Comments (12)
This I haven't seen earlier. Have you able to solve this or still having same issue ?
To fix the ProcessedOffsetManager issue with Spark 2.0, there is a pull request you can refer to
https://github.com/dibbhatt/kafka-spark-consumer/pull/32/files
I haven't merge this as it will break for Spark 1.6. But you can try this changes and let me know if that works for you.
I need to find a way to handle this for both Spark 2.0 and earlier version of Spark.
from kafka-spark-consumer.
Hi~
I make the same changes referring to that pull request.
But it also has the same problems that the program can't deserialize the data model.
In detail, my producer program is:
`
String topicName = "TEST-TOPIC";
Properties props = new Properties();
props.put("bootstrap.servers", "x.x.x.x.88:9092, x.x.x.89:9092, x.x.x.90:9092");
props.put("producer.type", "sync");
props.put("acks", "all");
props.put("retries", 0);
props.put("batch.size", 16384);
props.put("linger.ms", 1);
props.put("buffer.memory", 33554432);
props.put("key.serializer",
"org.apache.kafka.common.serialization.StringSerializer");
props.put("value.serializer",
"org.apache.kafka.common.serialization.StringSerializer");
Producer<String, String> producer = new KafkaProducer<String, String>(props);
for(int i = 0; i < 10; i++)
producer.send(new ProducerRecord<String, String>(topicName, Integer.toString(i), Integer.toString(i)));
System.out.println("Message sent successfully");
producer.close();
`
I have test by run the ./kafka-consumer-console.sh. It can consume the messages from producer.

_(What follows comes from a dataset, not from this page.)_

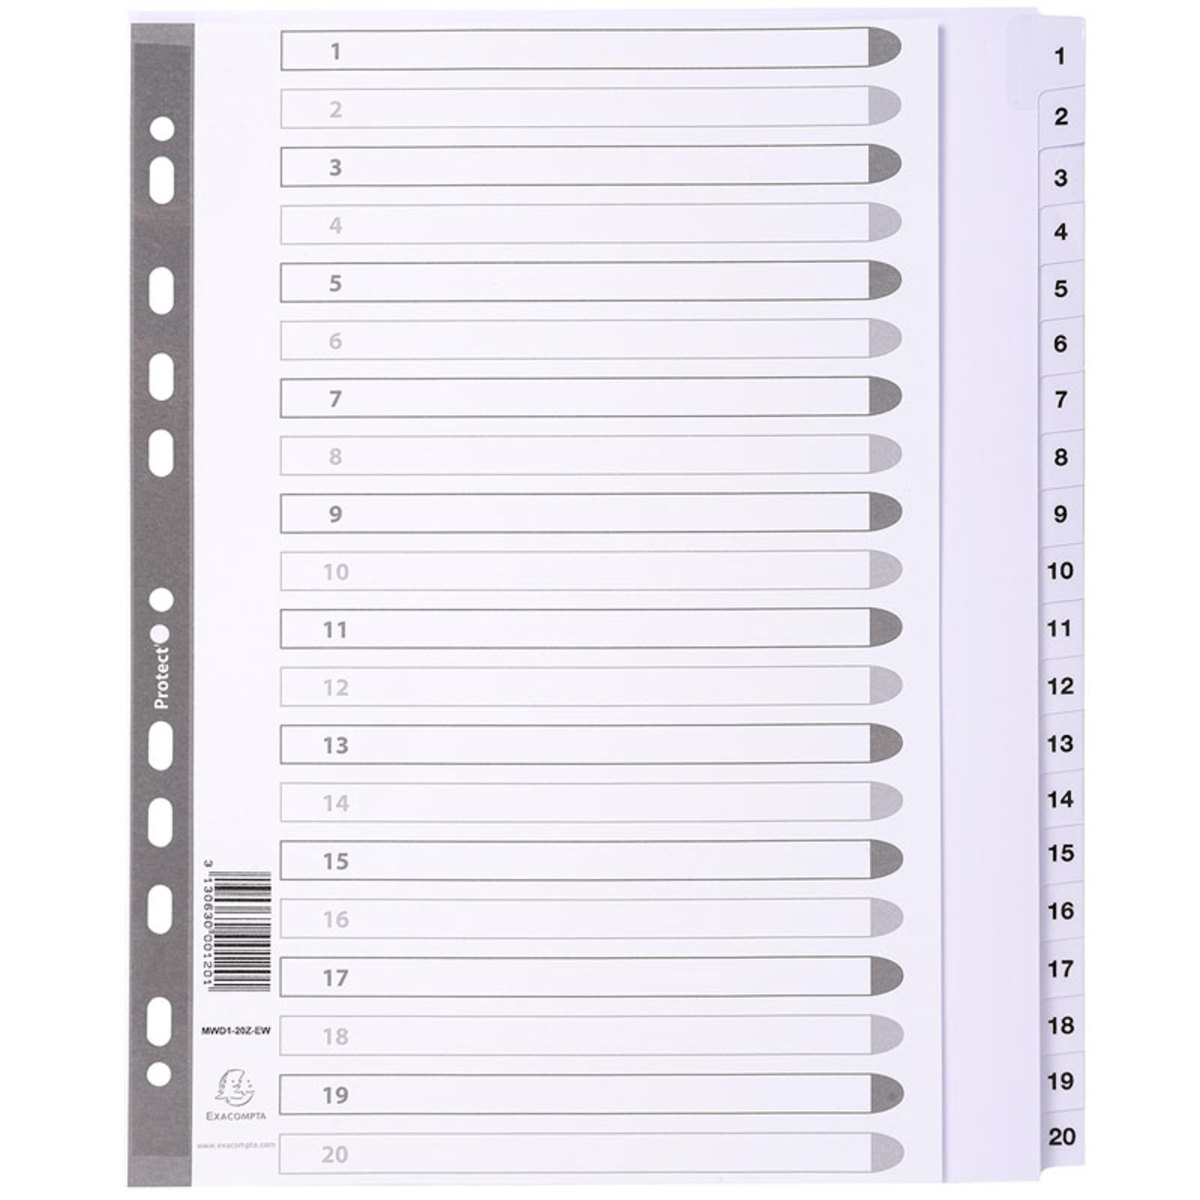 Exacompta A4 1-20 White 20 Tabs Dividers - 10 Packs of 20 Dividers

As I run the SampleConsumer for test, it can't resolve the messages.
In SampleConsumer, I used the following code to test
'
unionStreams.foreachRDD(new VoidFunction<JavaRDD>() {
@OverRide
public void call(JavaRDD rdd) throws Exception {
List rddList = rdd.collect();
System.out.println(" Number of records in this batch " + rddList.size());
for (MessageAndMetadata model : rddList)
System.out.println("model key = " + new String(model.getKey(), "UTF-8") + ", value = " + new String(model.getPayload(), "UTF-8"));
}
});
'
The result is : "Number of records in this batch 0" =====> rddList.size() = 0
I wonder if compatibility problems cause unable to deserialize the data.

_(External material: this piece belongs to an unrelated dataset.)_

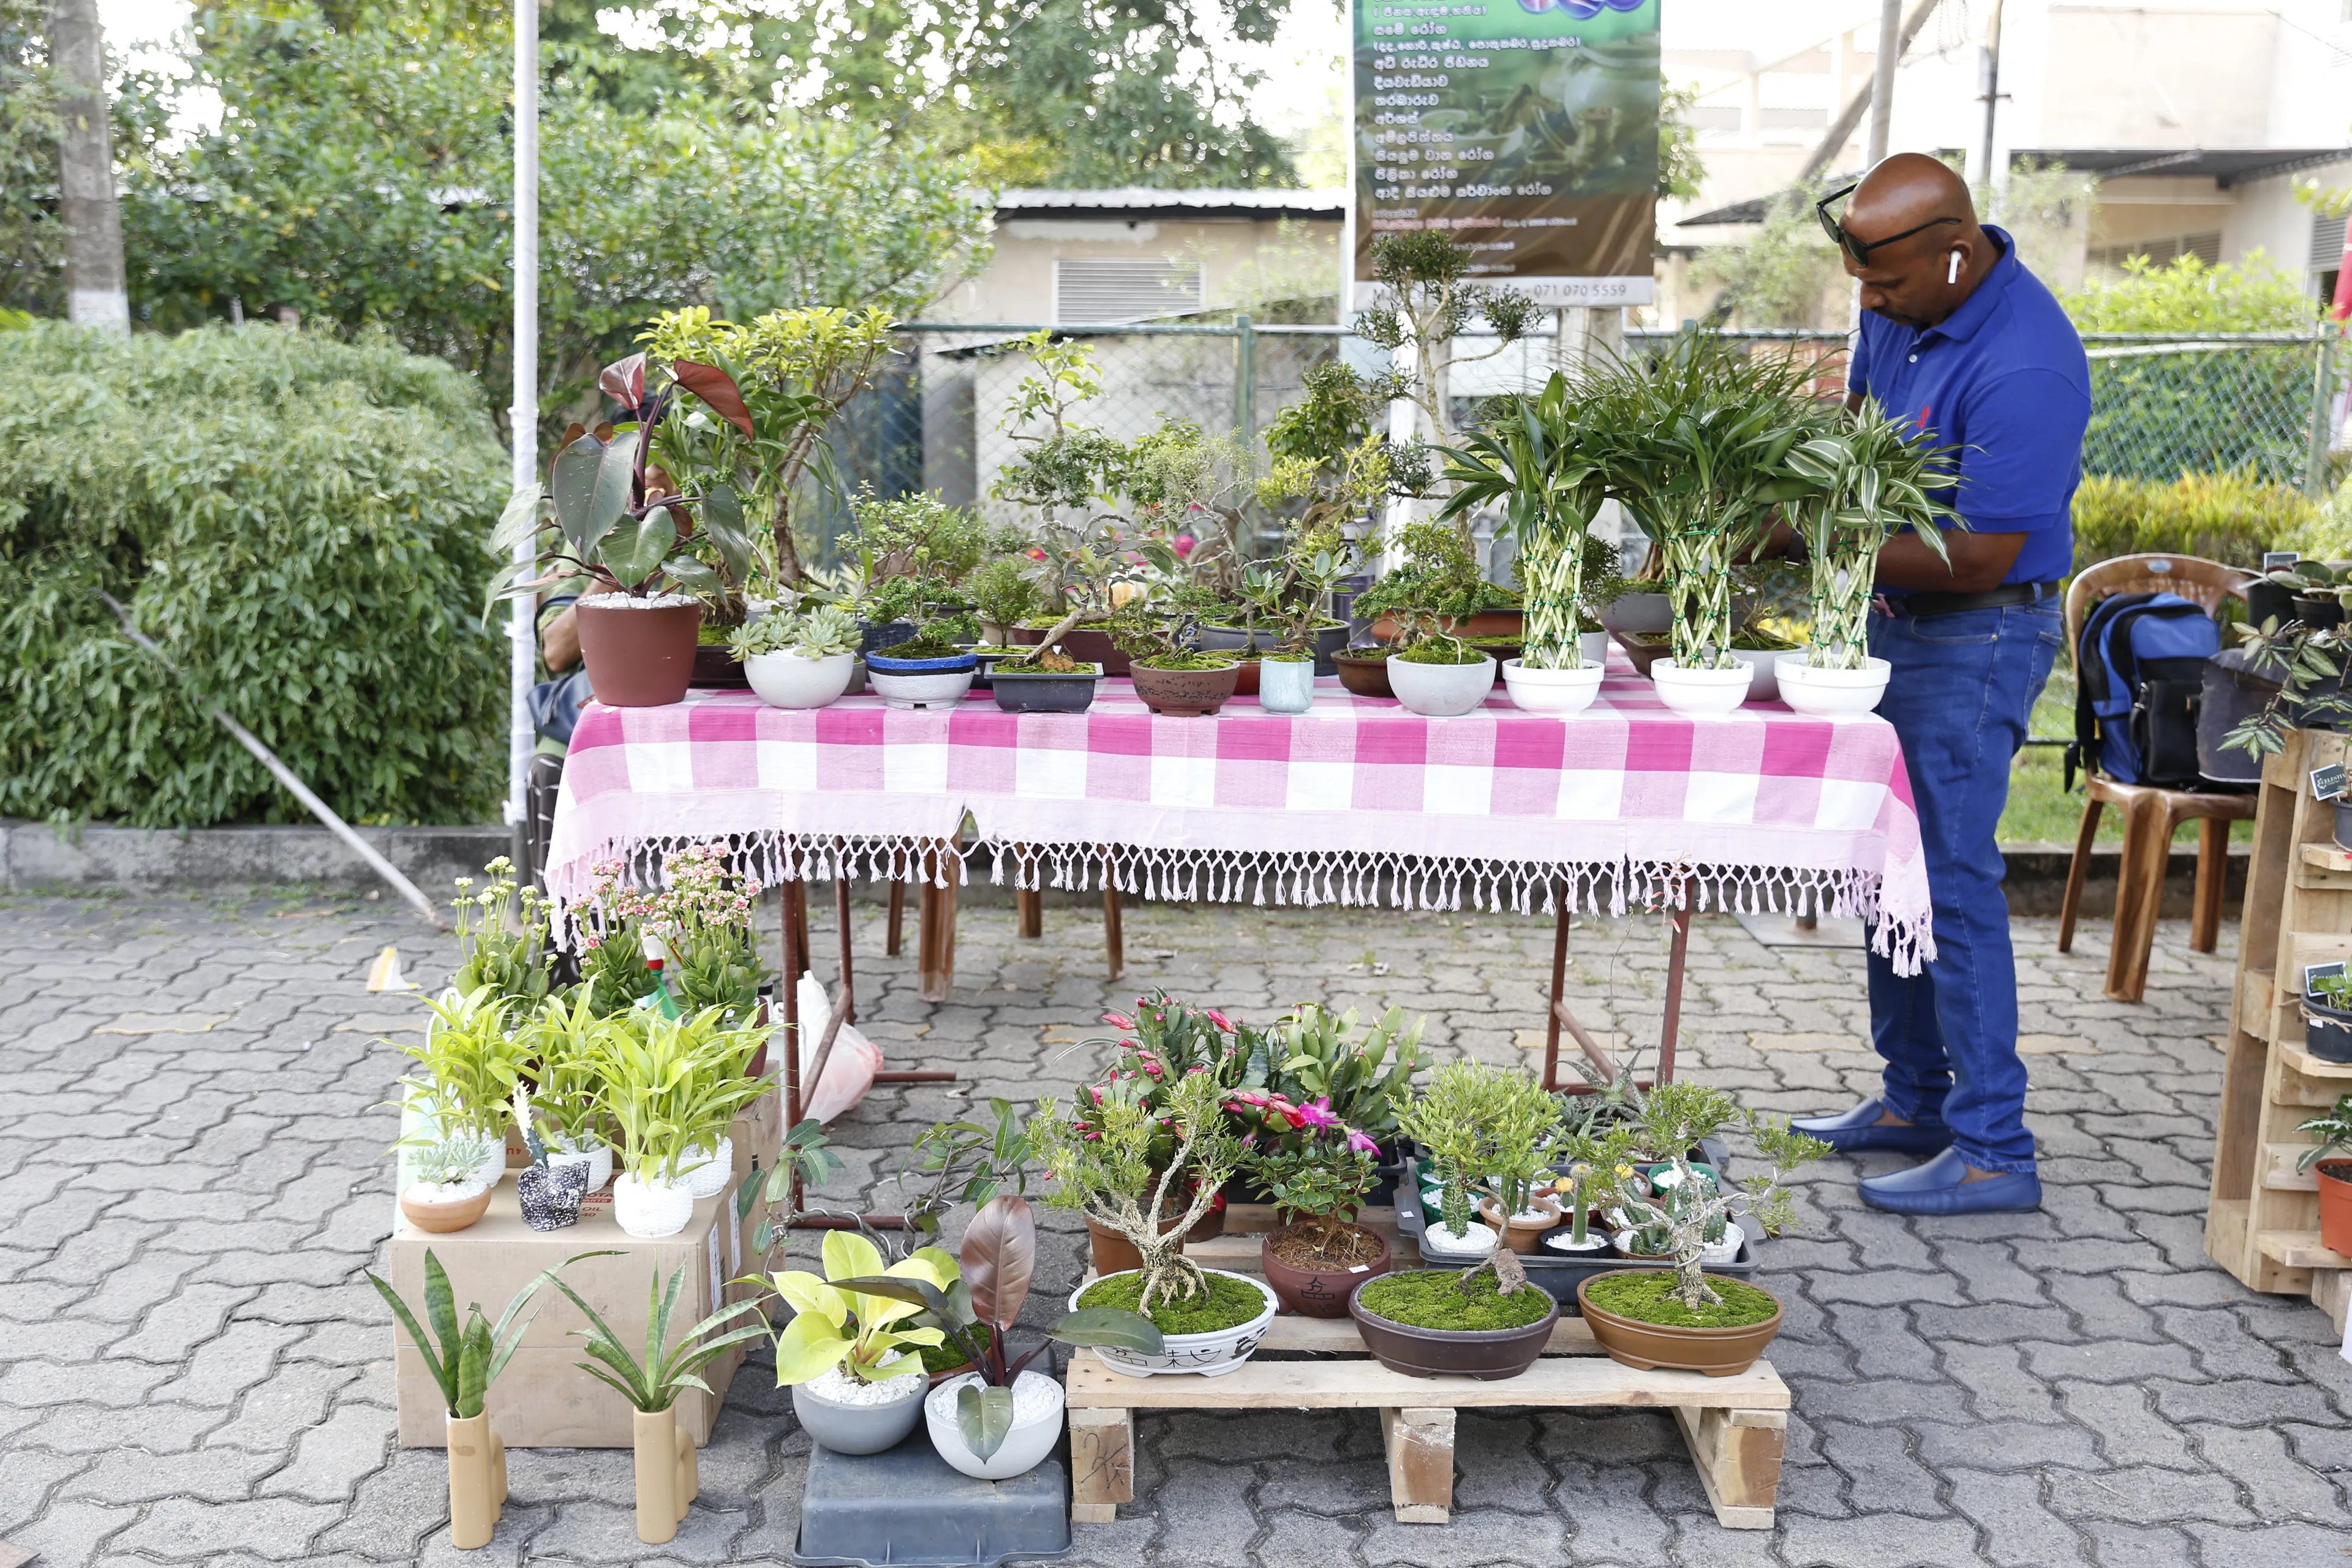 stand full of plants at People's Market

Looking forward to your answer, thanks~
from kafka-spark-consumer.
This consumer by default consume offset from Latest kafka offset when it starts first time. For any successive run, it will consume from last processed offset. . So, if you publish say 100 messages to kafka, latest offset in Kafka is 101. When you start the consumer first time , it starts from offset 101. If your publisher is not running, and Kafka not getting any messages, Consumer wont pull anything. I guess that is happening here.
you can start the Consumer first, and then start the producer. As Consumer waiting for new messages from latest offset, any new messages got produced will be consumed.
from kafka-spark-consumer.
Yeah, I'm sure that I start the Consumer first. As the Consumer run successfully, I start the Producer to publish ten messages per time. And I try it several times, but the rddList's size is always zero.
When I run the SampleConsumer by the InteliJ IDEA in my Spark cluster master node, the logs show the error "java.lang.ClassNotFoundException: consumer.kafka.client.KafkaReceiver ". The error cause spark job failed. I guess that may be the reason why the DStream can't resolve the messages.
from kafka-spark-consumer.
Your topic has how many partitions ? Can you share the Receiver Property you used. You can share the log of the Executor also when you do the spark-submit
from kafka-spark-consumer.
3 partitions
the Consumer property is default.
the Broker property I will share it next Monday.
the whole logs of the Executor when I do the spark-submit are showed in my first comment of this issue.
If it is not clear, I will share all logs again.
thanks
from kafka-spark-consumer.
It works!!! Thank you so much.
from kafka-spark-consumer.
Good. What was the issue ?
from kafka-spark-consumer.
Hi,
I started my spark with package dibbhatt:kafka-spark-consumer:1.0.6 , and try to execute
scala> import consumer.kafka.ProcessedOffsetManager;
it is throwing me error: error: object ProcessedOffsetManager is not a member of package consumer.kafka
from kafka-spark-consumer.
according to the above discussion it seems to have faced the same issue and solved in spark 2.0 version, just would like to know whether the same fix been handled for earlier versions also.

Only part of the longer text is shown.